To generate your confidence intervals, 
you'll likely want to use the function `np.percentile`.
This function takes in a list/series of values `a` and list of numbers between 0 and 100 `q`
and returns the values at the `q`th percentiles of `a`.
The result will be a `np.ndarray`,
so use the functions `list` or `pd.Series` to cast it back to a more familiar datatype if you need to.

In [None]:
ok.grade("q6")

## Section 3 - `groupby`

The cell below loads some data from a (possibly fictional) psychology experiment,
in which subjects were scored on their performance on tasks of varying difficulty.
Half of the subjects had their attention divided by a distractor, while half did not.
Scores are stored in the `score` column, while attentional states are stored in the `attention` column.

In [None]:
atten_expt = sns.load_dataset("attention", data_home=Path("..") / ".." / "shared" / "data", index_col=0)

atten_expt.head()

Use `groupby` to generate a `GroupBy` object grouped by `attention` state, named `expt_groupby_atten`,
and then use it to calculate the mean `score`s of each group with `.mean`.
Save the mean scores to a `Series` called `atten_group_means`.

In [None]:
ok.grade("q7")

Participants were also presented with problems of varying difficulty.
Easier problems had multiple `solutions`, up to 3,
while the hardest problems had only 1 solution.
This information is stored in the `solutions` column.

Use `groupby` to generate a `GroupBy` object grouped
by both `attention` state and number of `solutions`, named `expt_groupby_atten_solu`,
and then use it to calculate the mean of the `score` column of each group with `.mean`.
Save the mean scores to a Series called `atten_solu_group_means`.

In [None]:
ok.grade("q8")

## Section 4 - Putting It All Together

The cell below uses seaborn to plot the means and bootstrapped confidence intervals
for each combination of score and solution count.

In [None]:
f, ax = plt.subplots(figsize=(12, 8))
sns.pointplot(x="solutions", y="score", hue="attention", data=atten_expt,
              ax=ax, palette={"divided": "C0", "focused": "C1"});

It appears that, while individuals who were focused performed better on the hardest tasks,
those with only one solution,
average performance was roughly the same when the task became easy, and had three solutions.

As a first pass at determining whether this pattern is real,
we'll combine `groupby` with bootstrapping
to estimate confidence intervals for these two specific effects.

Later in the course, we will learn more systematic approaches to analyzing this type of data.

The cell below defines a function,
`stratified_bootstrap`
that combines `groupby` and `sample`
to perform bootstrap samples of each of the six combinations
of attention state and solution count simultaneously.
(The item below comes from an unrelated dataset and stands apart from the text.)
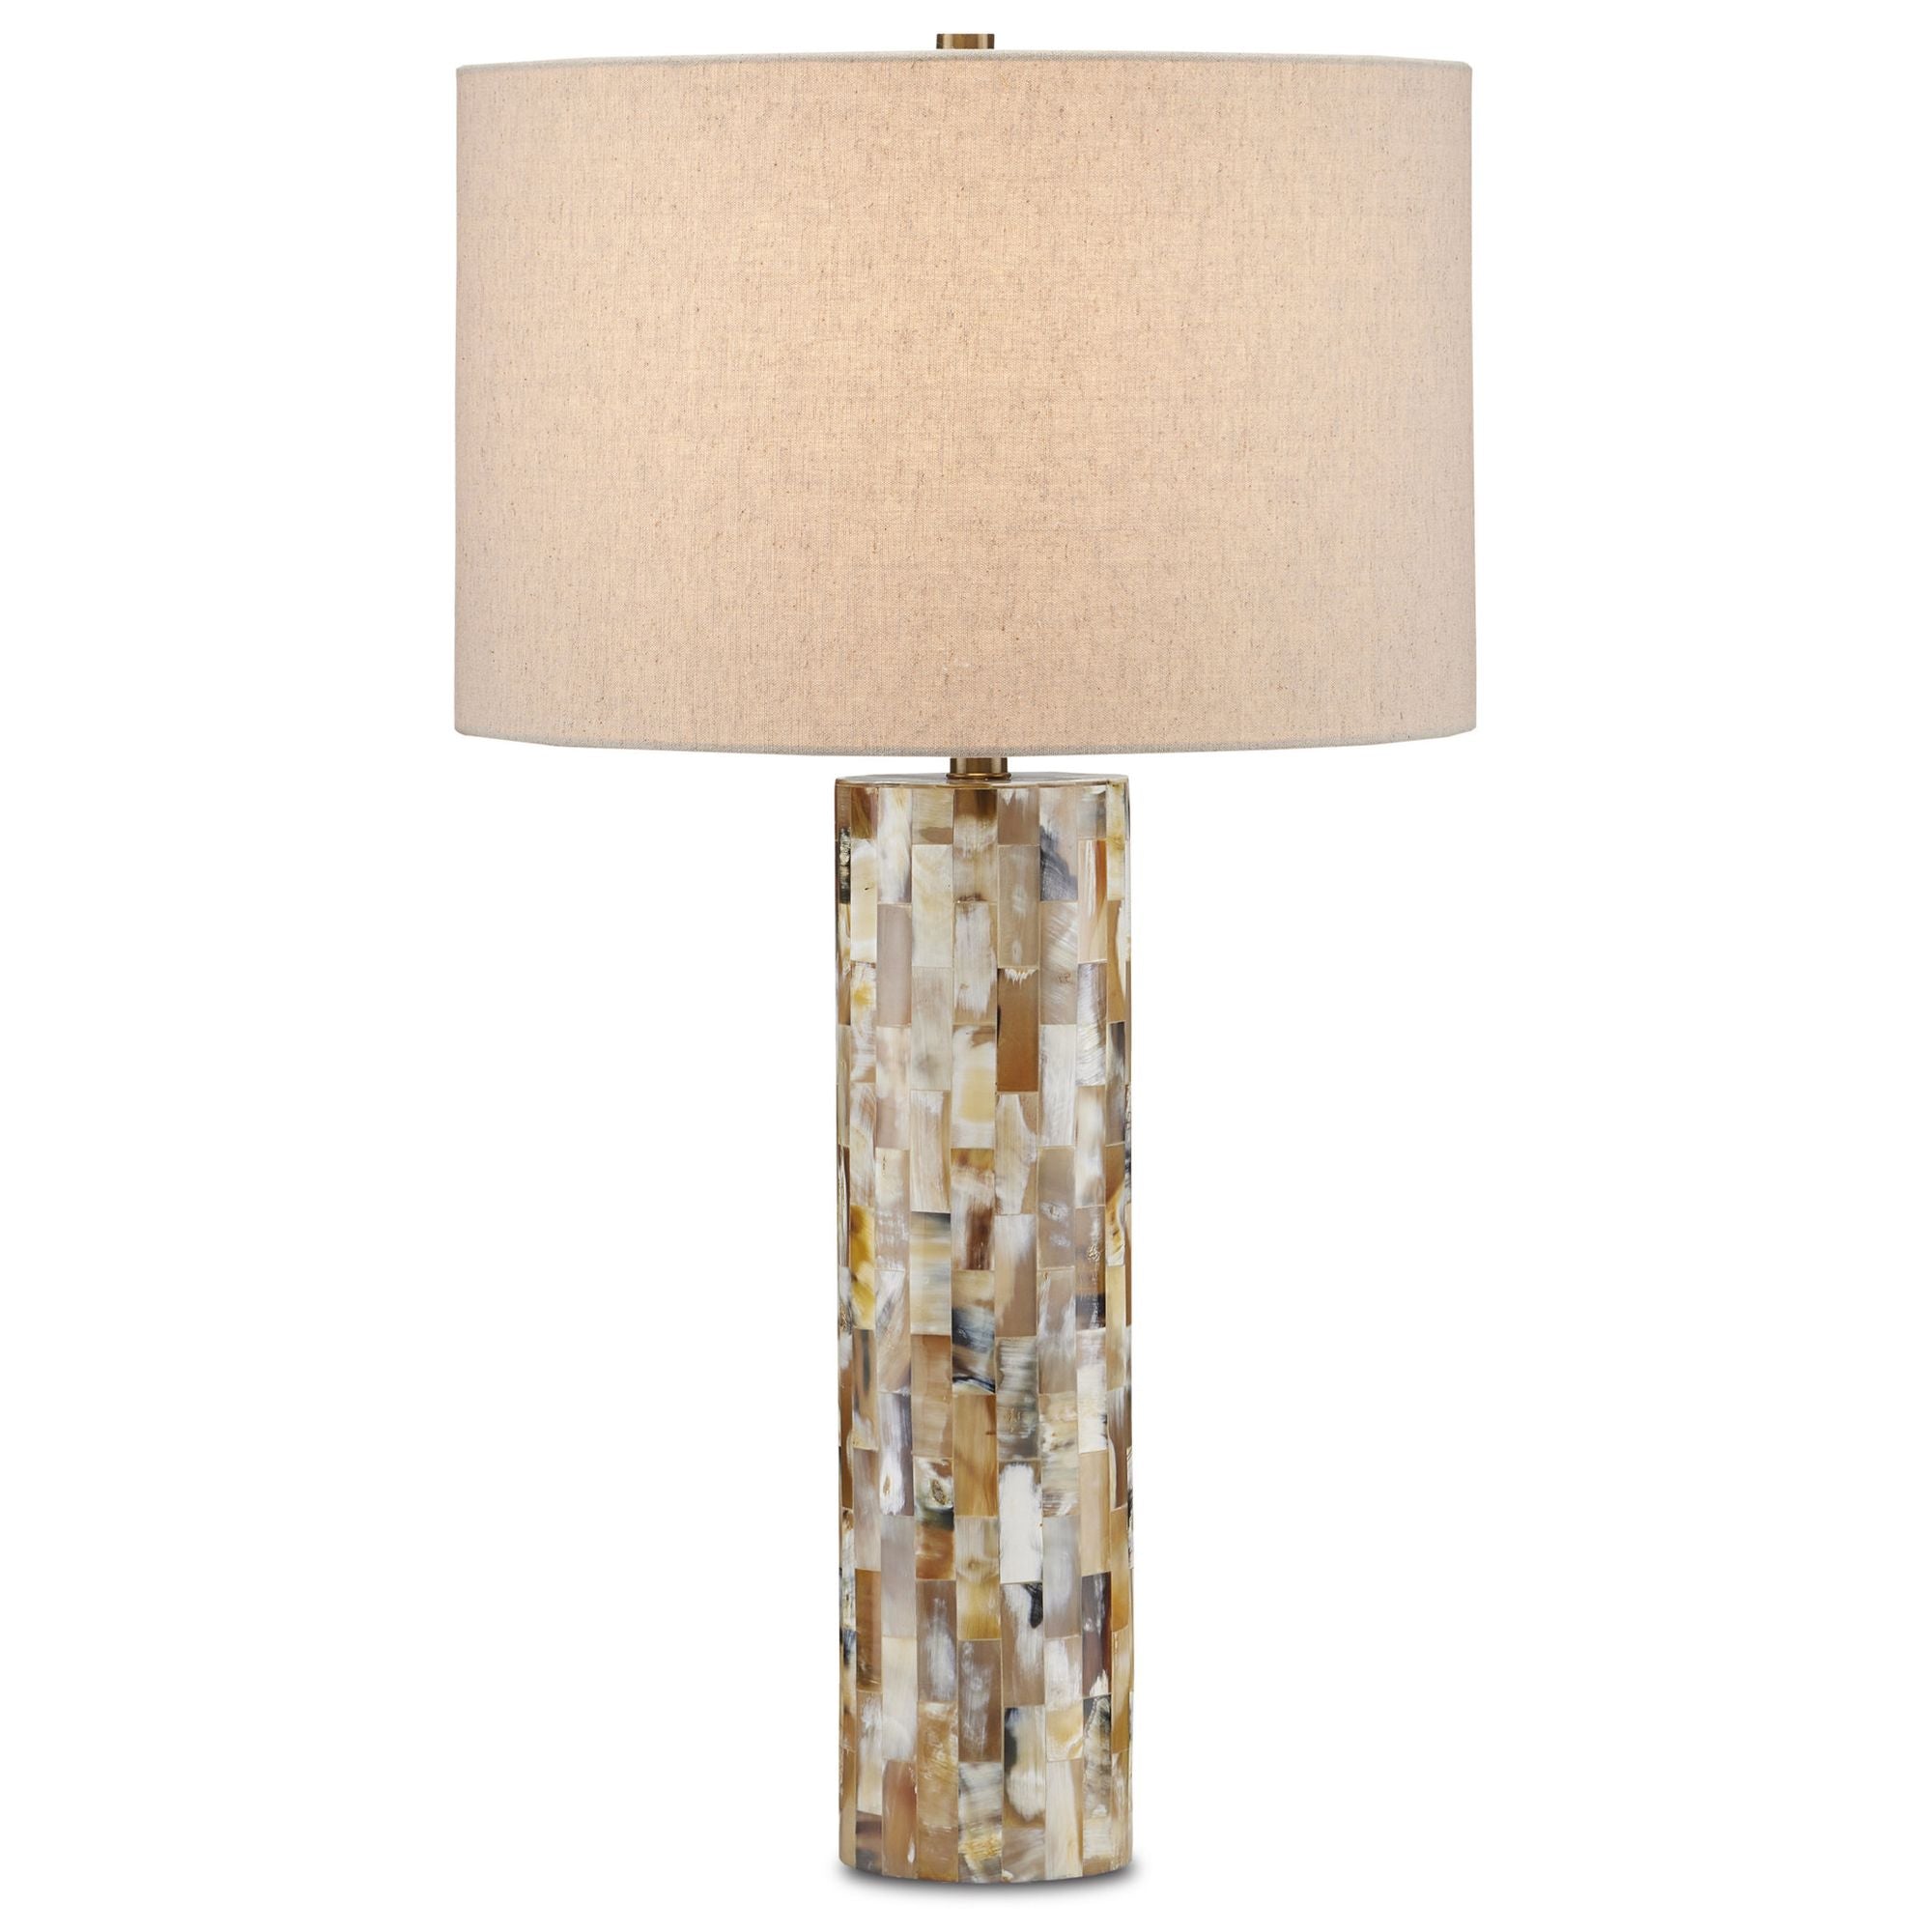 Colevile Table Lamp - Natural
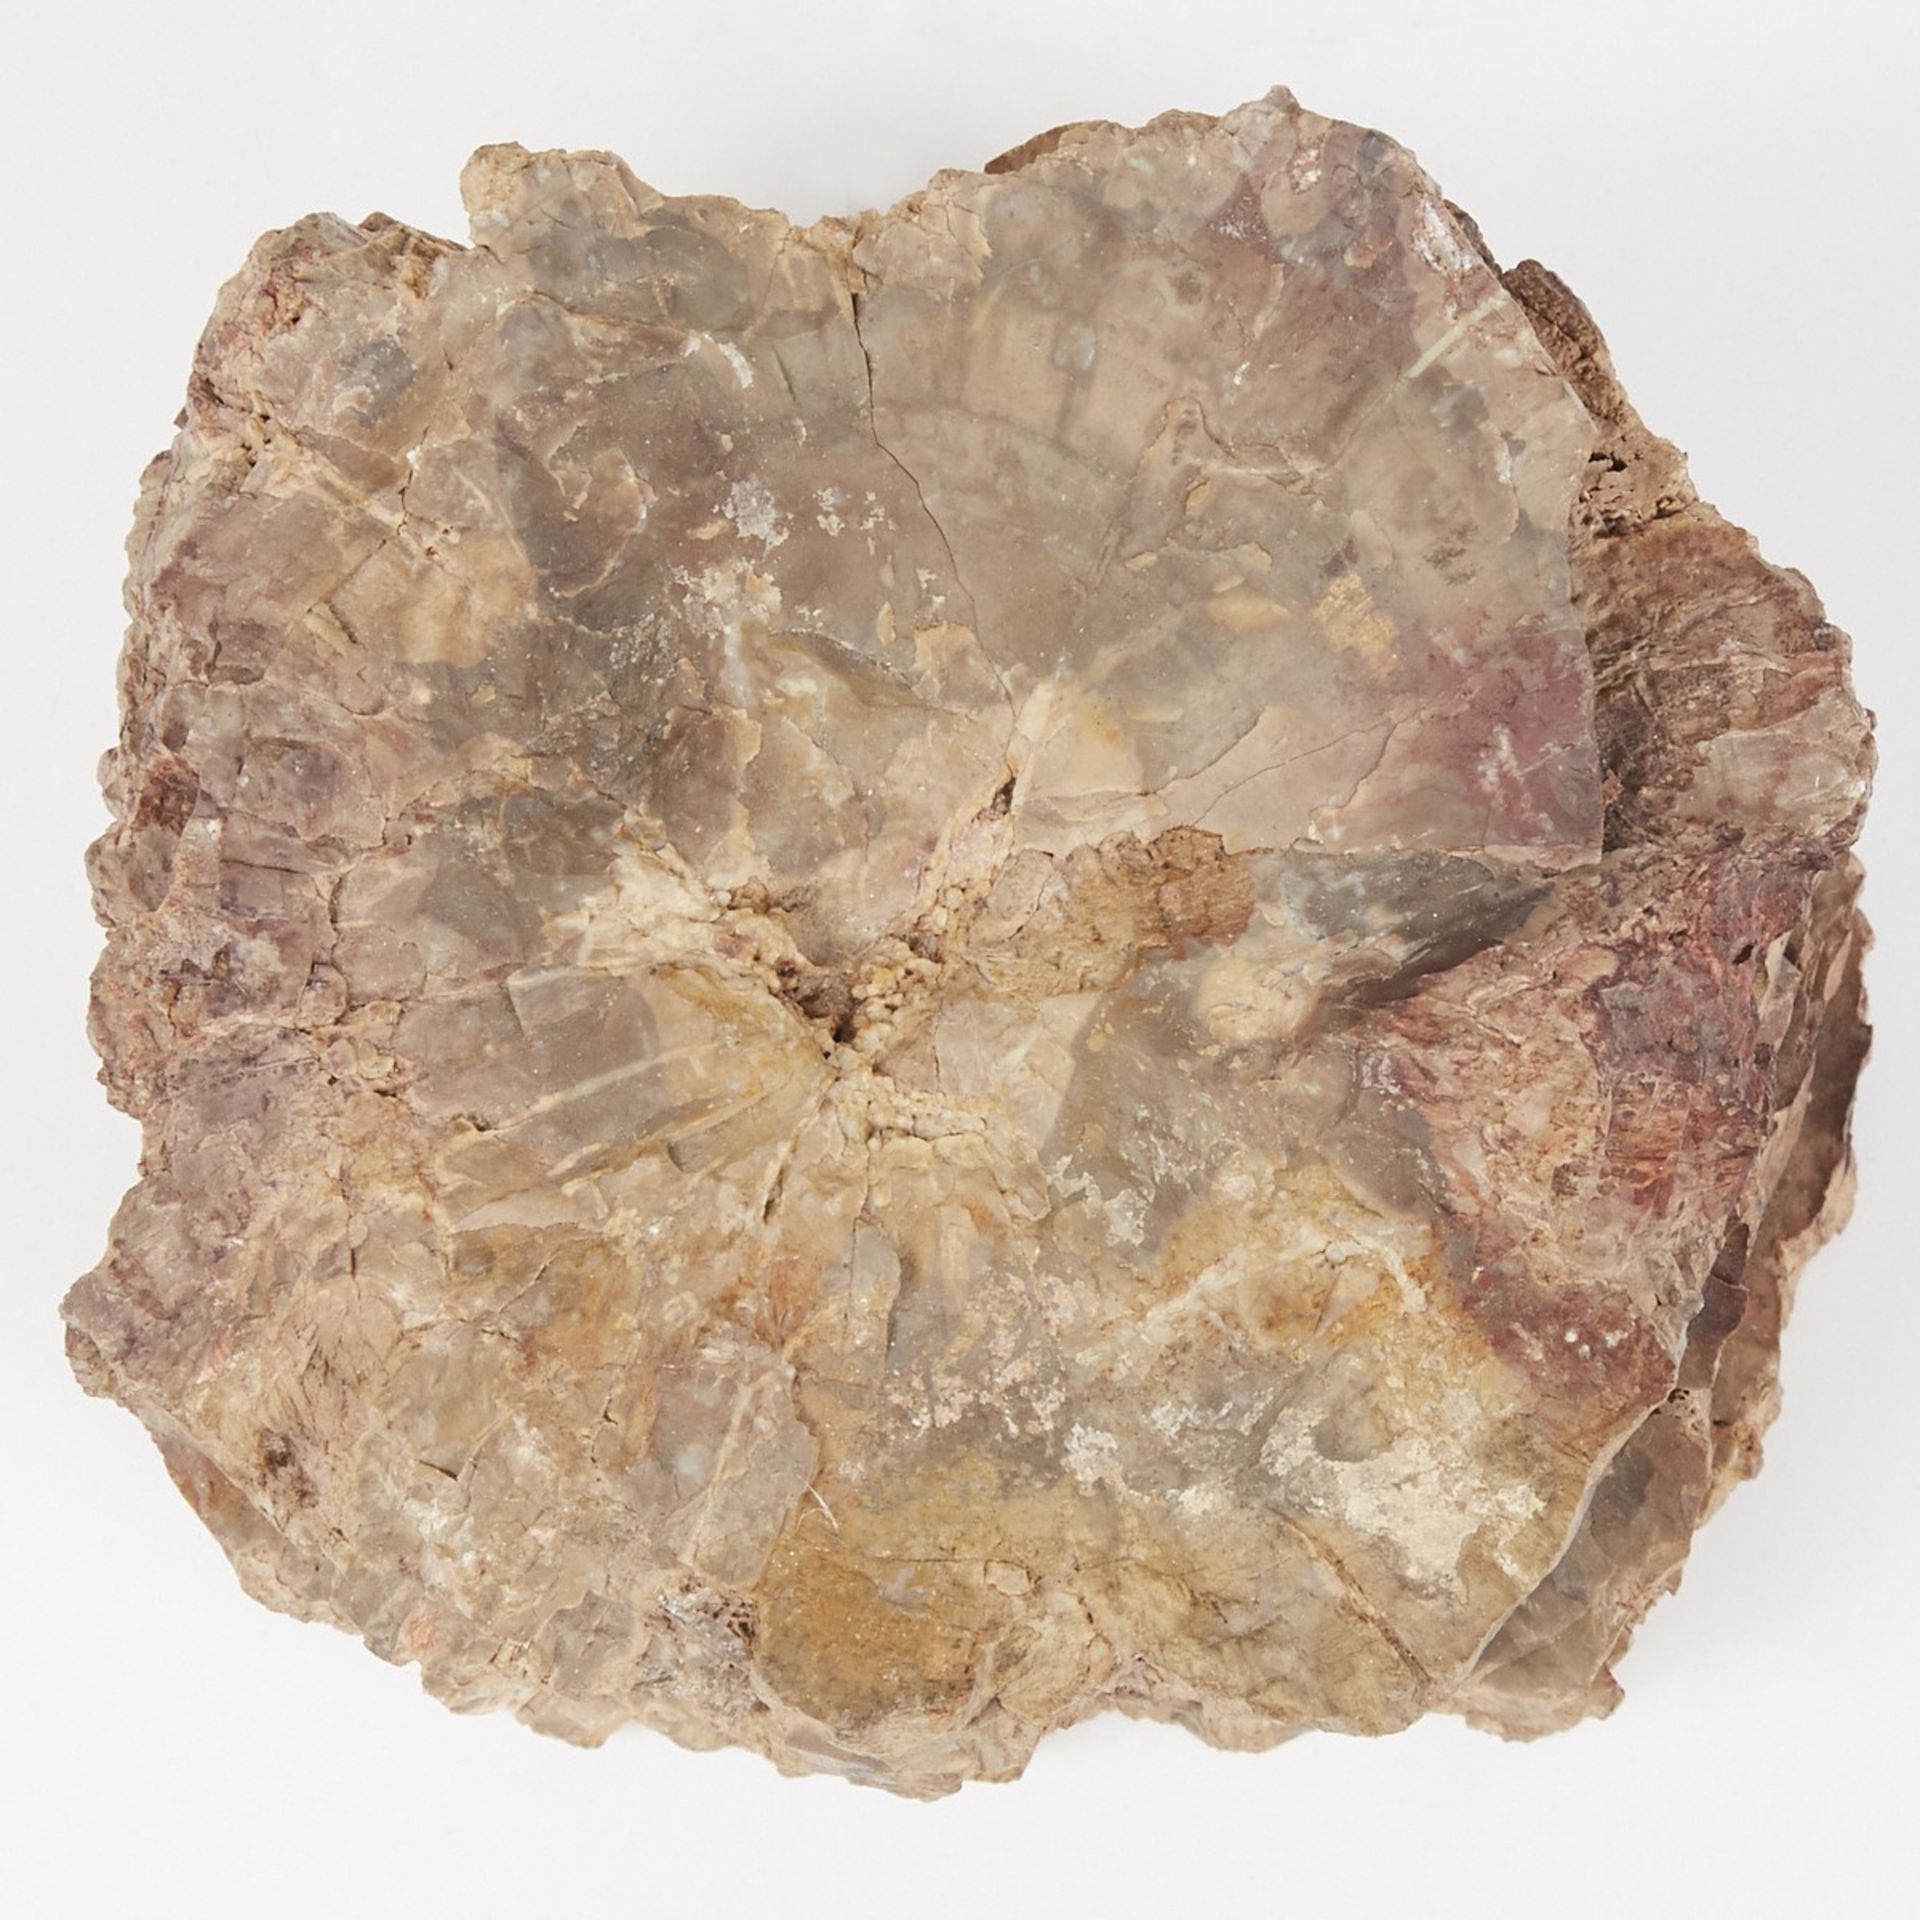 Large Petrified Wood Stump or Branch - Image 6 of 7

Recall that the purpose of bootstrapping is to simulate
what might happen if we were to repeat our measurements.
If we were to repeat our experiment,
we would always end up with half of our subjects in the focused group
and with an equal number of observations from each difficulty level,
so we have to respect that in our bootstrap.

In [None]:
def stratified_bootstrap(df, groups=["attention", "solutions"]):
    """Performs stratified bootstrap sampling, i.e. bootstrap sampling inside groups,
    where the columns used to group are definied by the groups argument.
    """
    return df.groupby(["attention", "solutions"]).apply(pd.DataFrame.sample, frac=1, replace=True)

In [None]:
stratified_bootstrap(atten_expt).head(10)

In [None]:
stratified_bootstrap(atten_expt).tail(10)

Side Note: our bootstrapping strategy isn't quite right,
since it ignores the fact that we actually tested sujbects in all three conditions.
We'll deal with modeling subject-wise data later in the course.

Use `stratified_bootstrap` to perform bootstrap sampling on the difference in means
between the focused and divided groups
for both easy problems (`atten_expt["solutions"] == 3`)
and hard problems (`atten_expt["solutions"] == 1`).
Again, 100 bootstrap samples will suffice.

Save the former to a list called `easy_boot_delta_means`
and the latter to `hard_boot_delta_means`.

Then, for both, check whether the number `0`
is in the 95% confidence interval
using `inside_95CI`.

Save the resulting `True`/`False` values to variables called `no_difference_easy` and `no_difference_hard`.

In [None]:
ok.grade("q9")

## Scoring and Submission

In [None]:
ok.score()